The lawsuit contends that the trustees had two years to shore up the health plan without “dramatically ending SAG-AFTRA health coverage for primarily older participants.” For example, negotiations of three recent union contracts could have directed more funds into the health plan, some members said.
Representing the plaintiffs in the case are Steve Schwartz and Robert Kriner, Jr. of Chimicles Schwartz Kriner & Donaldson-Smith. In a statement to NBC News, they said the lawsuit seeks to restore health insurance coverage for all SAG members and to hold the trustees of the plan accountable.
SAG members were told the 2017 health plan merger “would strengthen the overall financial health of the SAG plan while ensuring comprehensive benefits for all participants,” the lawyers said. “In fact, the disastrous merger resulted in the loss of health coverage for thousands of elderly SAG performers, their spouses and children, in the middle of a pandemic.”

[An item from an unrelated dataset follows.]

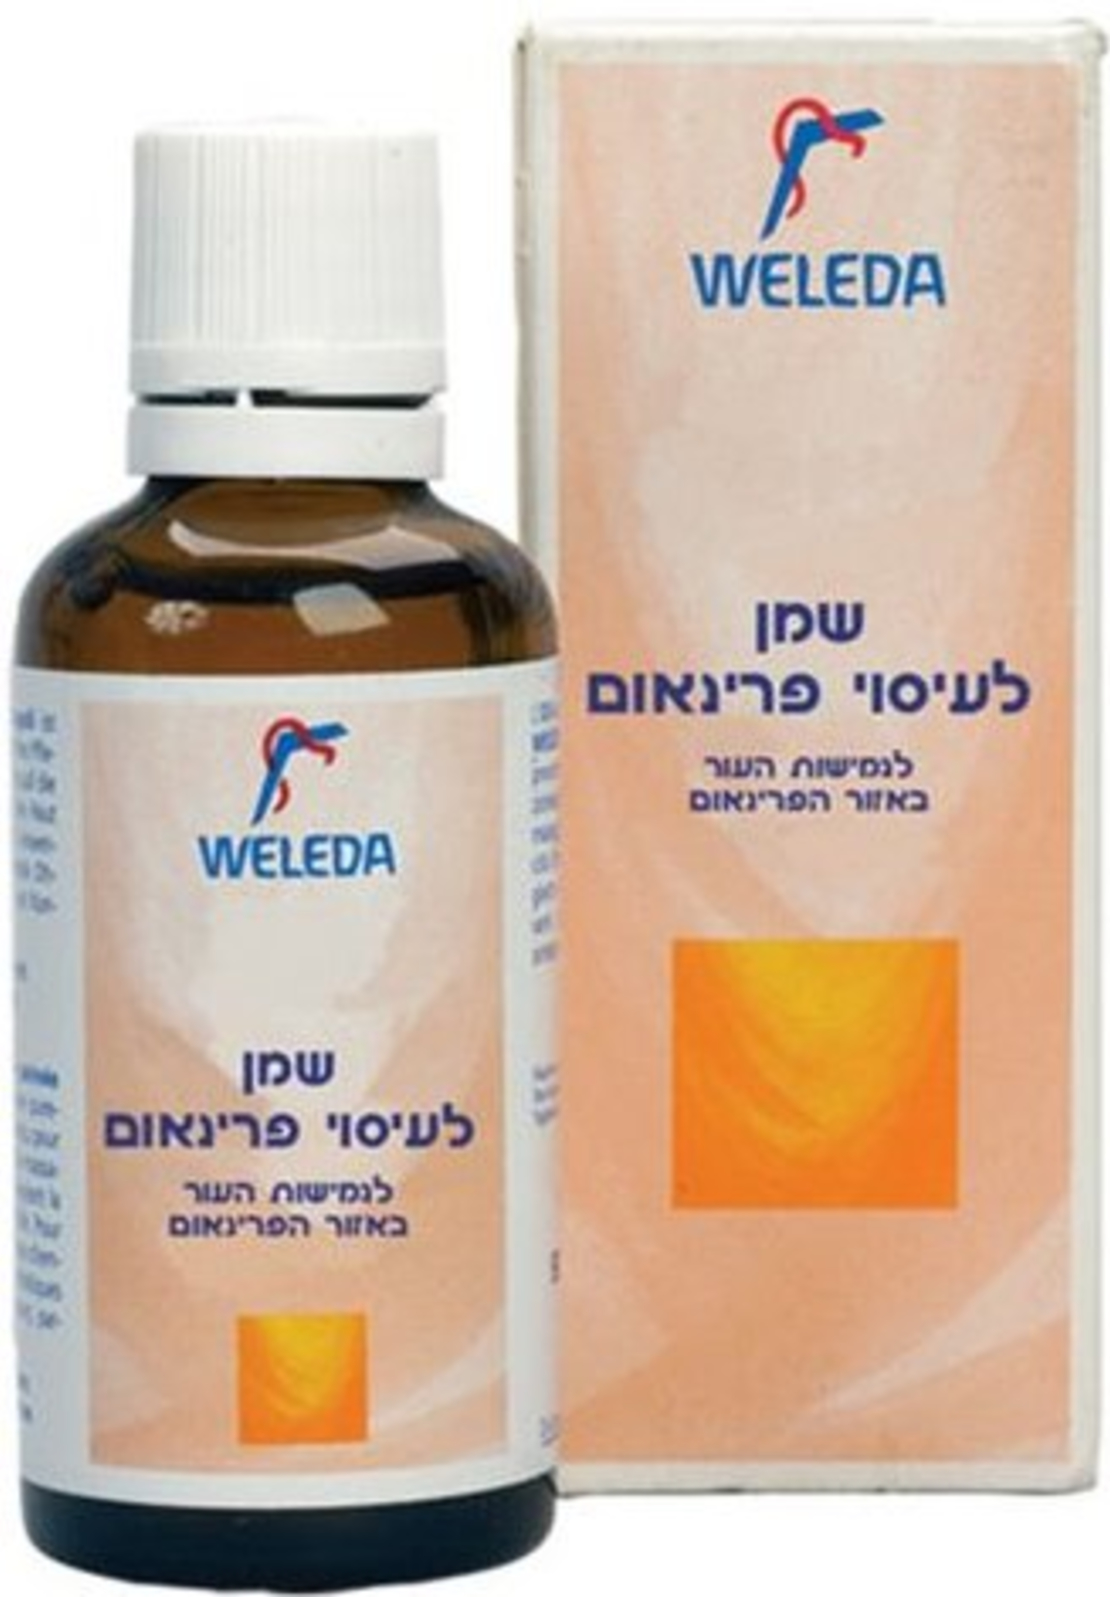 וולדה - שמן לעיסוי פרינאום Weleda Perineum Massage Oil
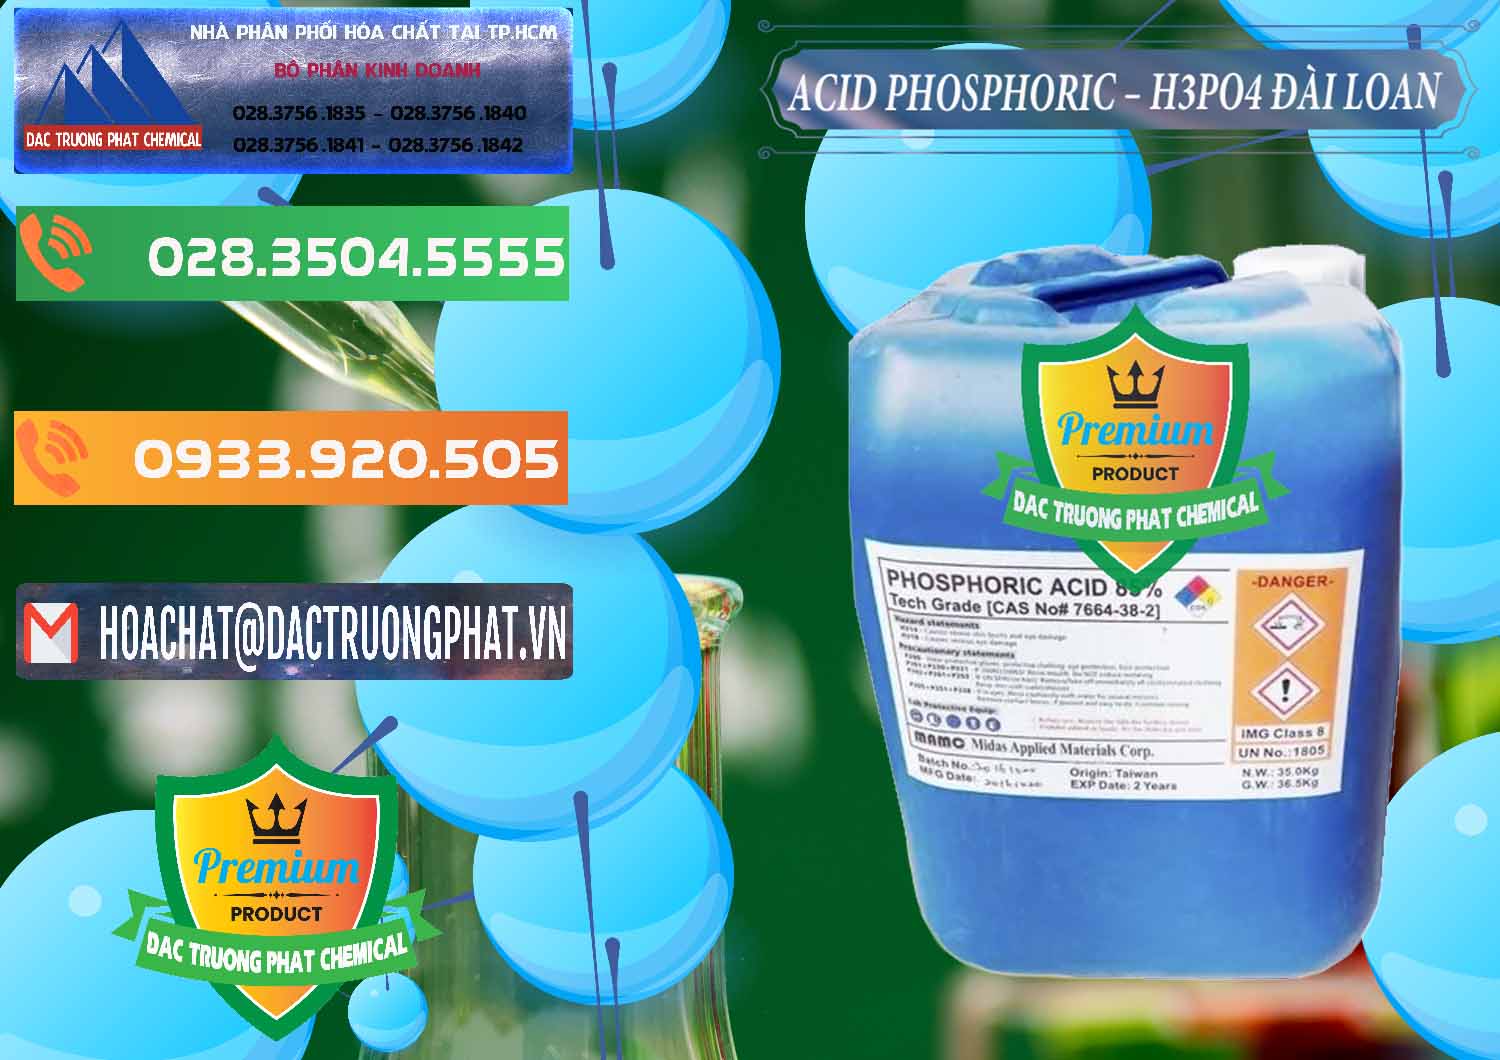 Chuyên bán & phân phối Axit Phosphoric - Acid Phosphoric H3PO4 85% Đài Loan Taiwan - 0351 - Cty cung cấp - nhập khẩu hóa chất tại TP.HCM - hoachatxulynuoc.com.vn

The trustees’ approval of the two plans’ merger in 2017 violated federal law because they did not put participants’ interests first, the lawsuit said, a duty under the Employee Retirement Income Security Act of 1974.
For example, the trustees did not conduct a thorough analysis of the impact the merger would have on participants before it occurred, said Edward Siedle, a pension expert and lawyer who conducts forensic investigations of troubled pensions.
“Health care plan mergers raise complex issues, can create serious problems and conflicts, and can result in loss of benefits for members,” Siedle, who is working for the plaintiffs in the case, told NBC News. “In this case, there was no such report and no full and fair disclosure that would have enabled SAG and AFTRA members to intelligently evaluate the probable negative impact on the members’ health benefits.”
The suit against the SAG-AFTRA trustees follows another legal action in 2017 against overseers of the American Federation of Musicians and Employers’ Pension Fund. That case centered on allegations of inappropriate investments made by the pension, which was underfunded, and was brought by the same lawyers representing the SAG-AFTRA plaintiffs.
That case settled in October with $18.3 million paid into the pension fund by insurers for the defendants. Two of the SAG-AFTRA trustees being sued Tuesday were also defendants in that case.